■ THE PROBLEM ■
A verbatim transcription of the listing below is required, without its pictures.

■ COLLECTED DATA ■
□ □ □ □ □ □ □
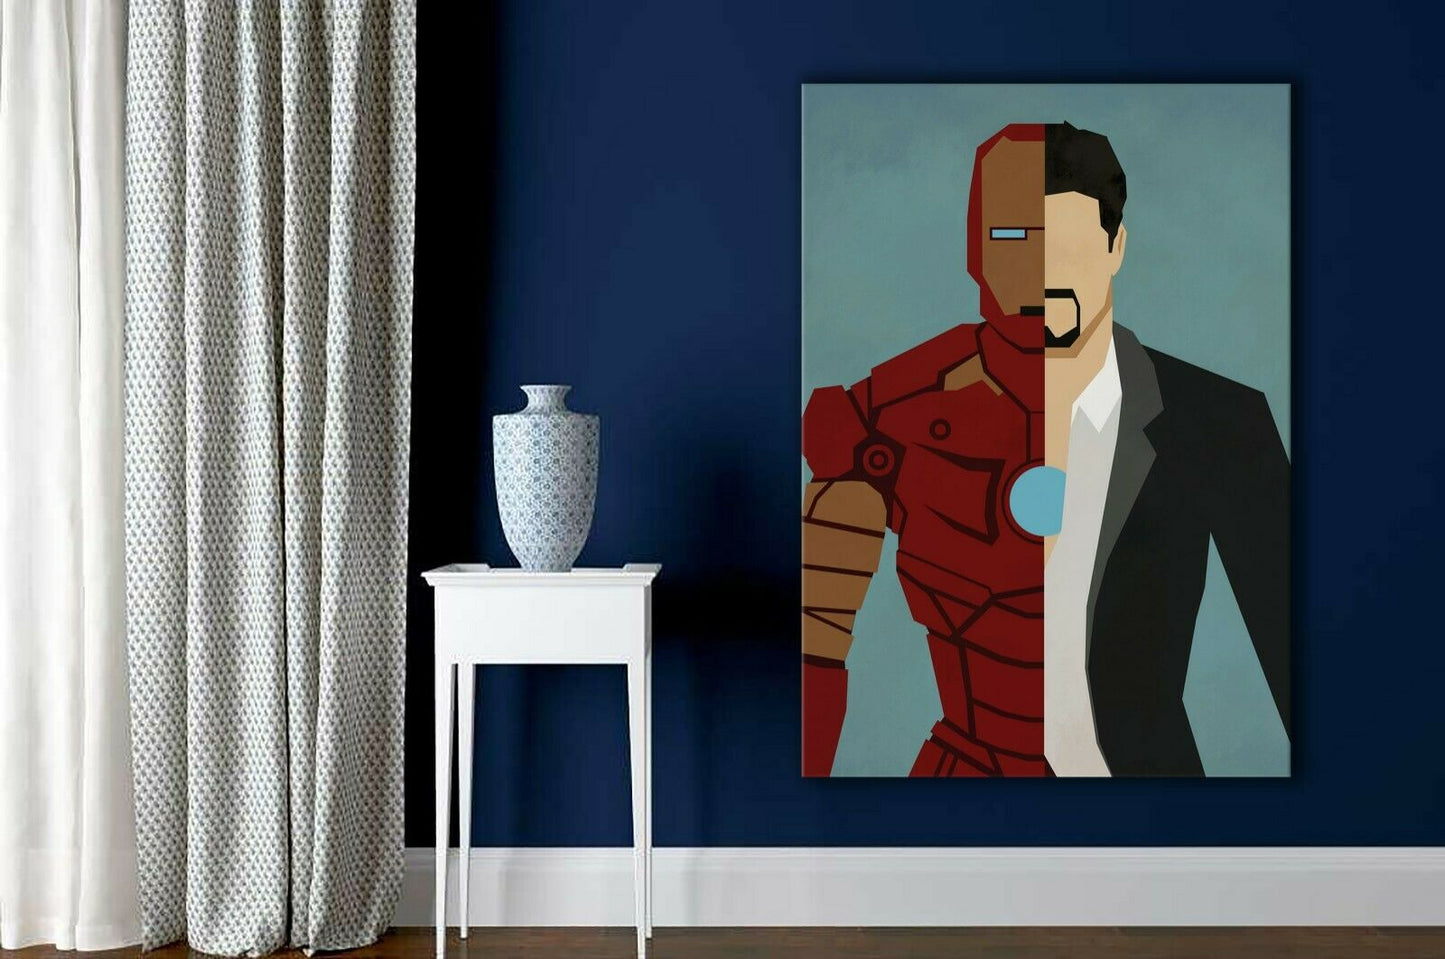 Ironman Framed Canvas Prints Stretched Avengers Marvel super hero Robert Downey
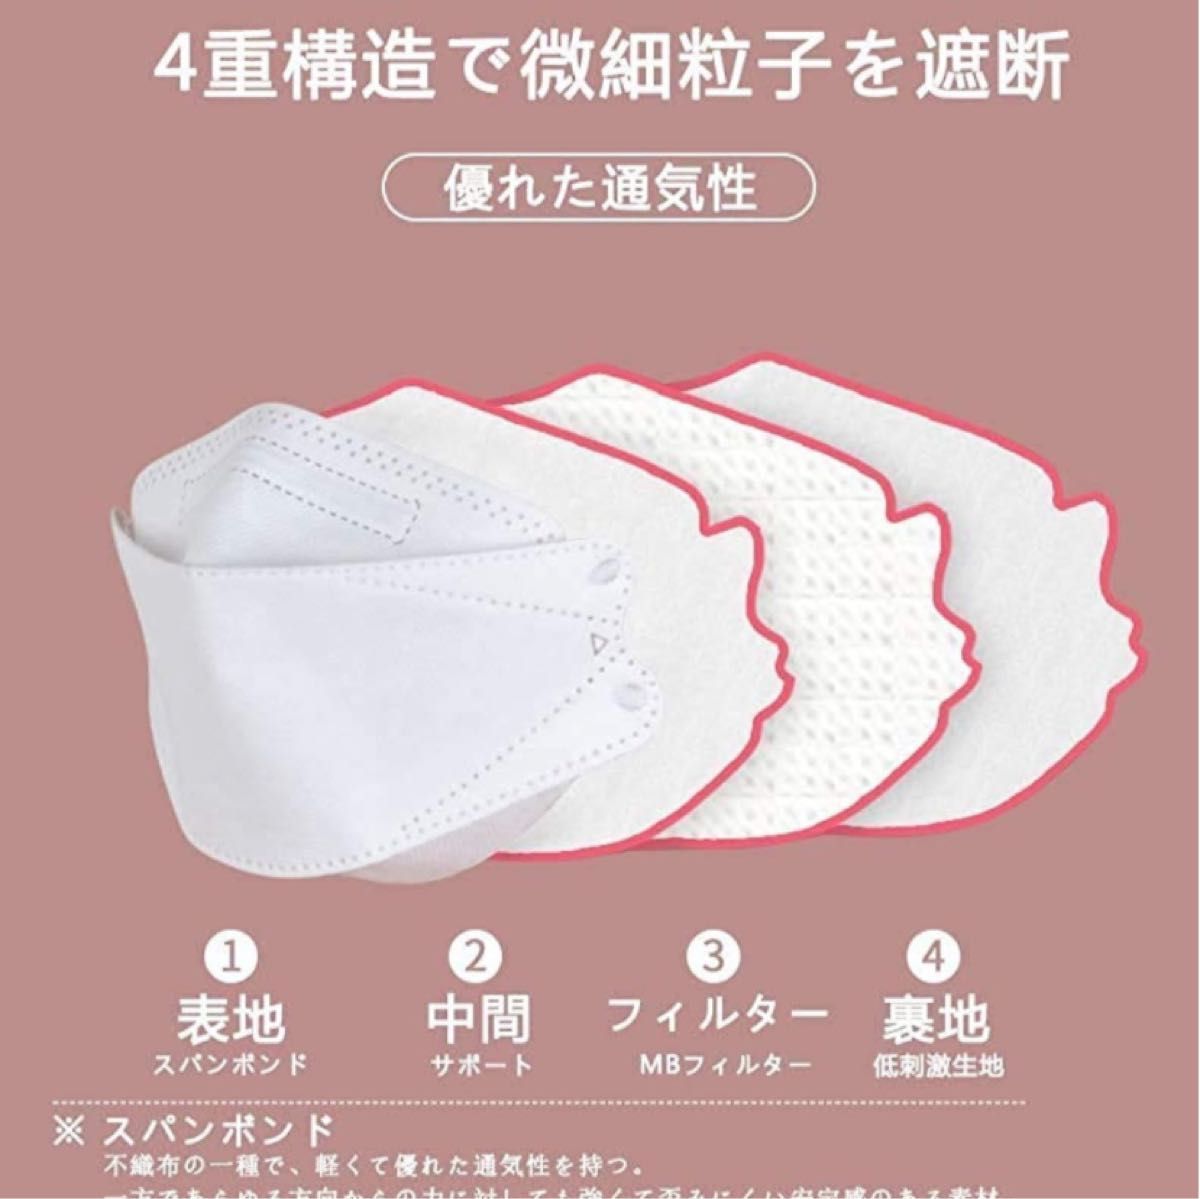 KF94マスク 大人用 8枚セット 個別包装 4層構造 立体構造 男女兼用 飛沫防止 防塵 花粉症 通気 口紅が付きにくい
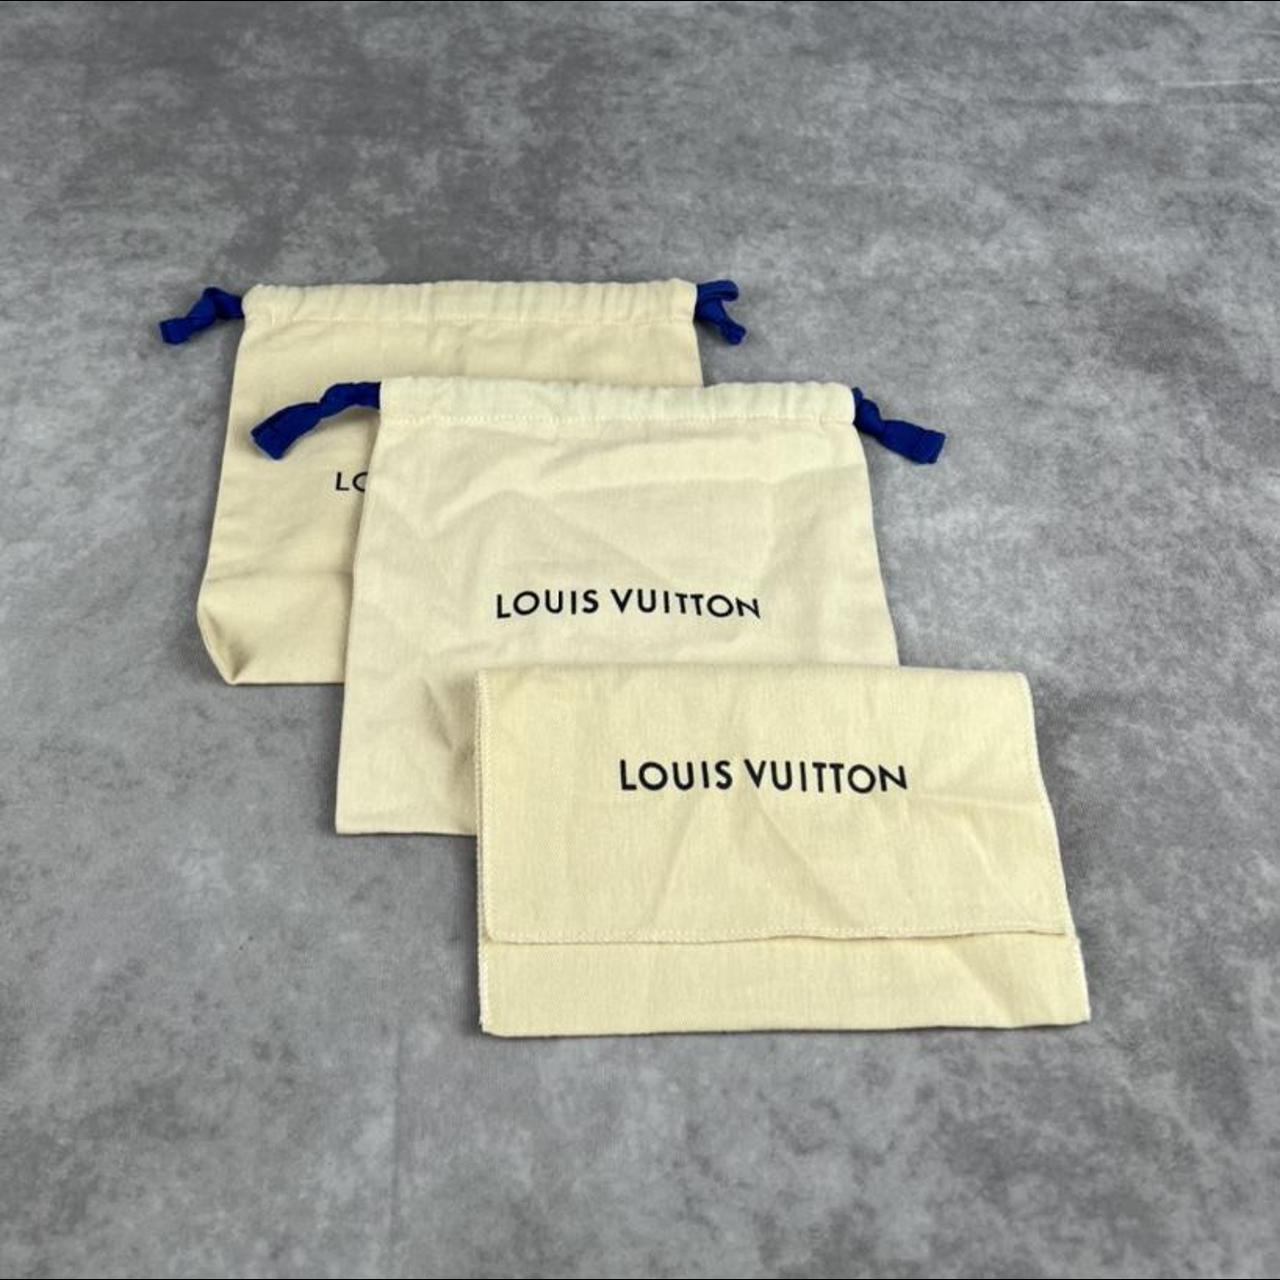 Louis Vuitton XL Dustbag 23 x 18 x 6 “ Fits GM or similar size
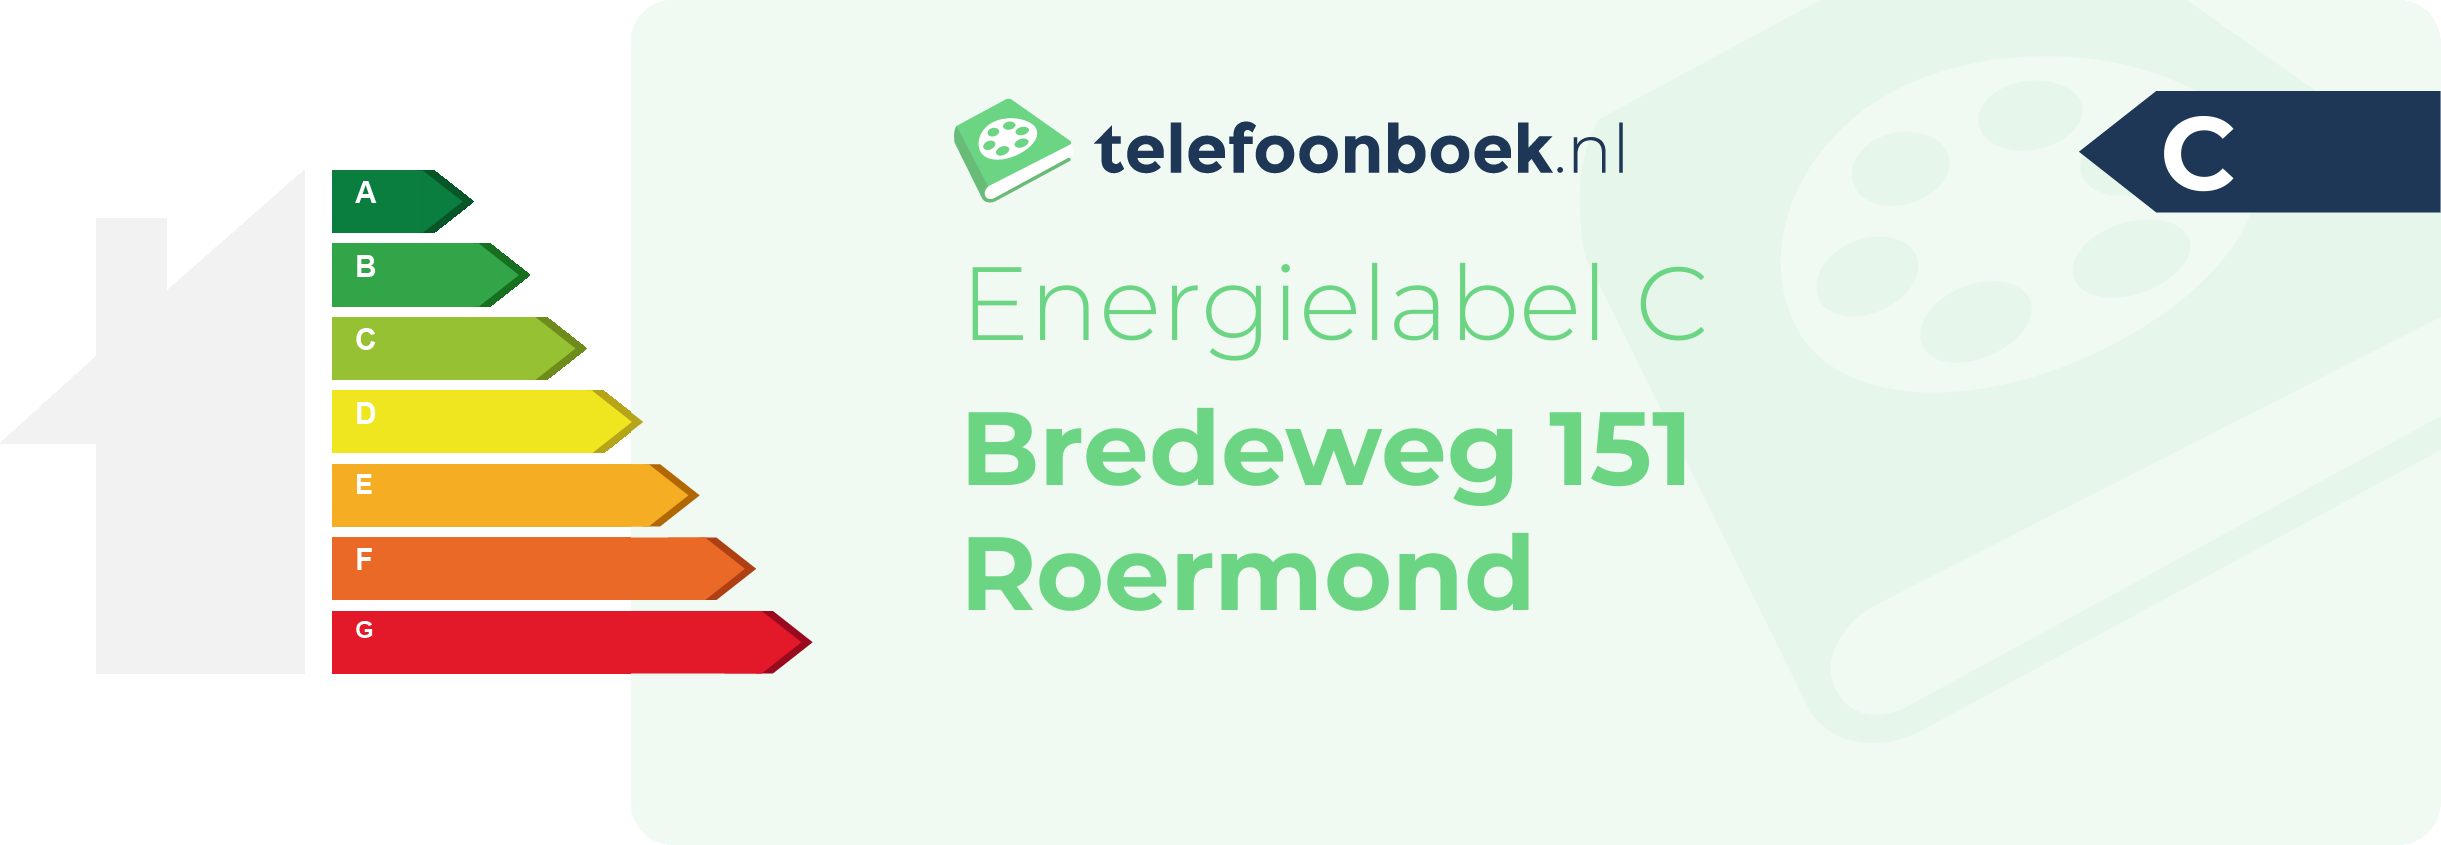 Energielabel Bredeweg 151 Roermond
□ □ □ □ □ □ □
■ EXERCISE OUTPUT ■
 Ironman Framed Canvas Prints Stretched Avengers Marvel super hero Robert Downey
 KF94マスク 大人用 8枚セット 個別包装 4層構造 立体構造 男女兼用 飛沫防止 防塵 花粉症 通気 口紅が付きにくい
 Louis Vuitton XL Dustbag 23 x 18 x 6 “ Fits GM or similar size
 Energielabel Bredeweg 151 Roermond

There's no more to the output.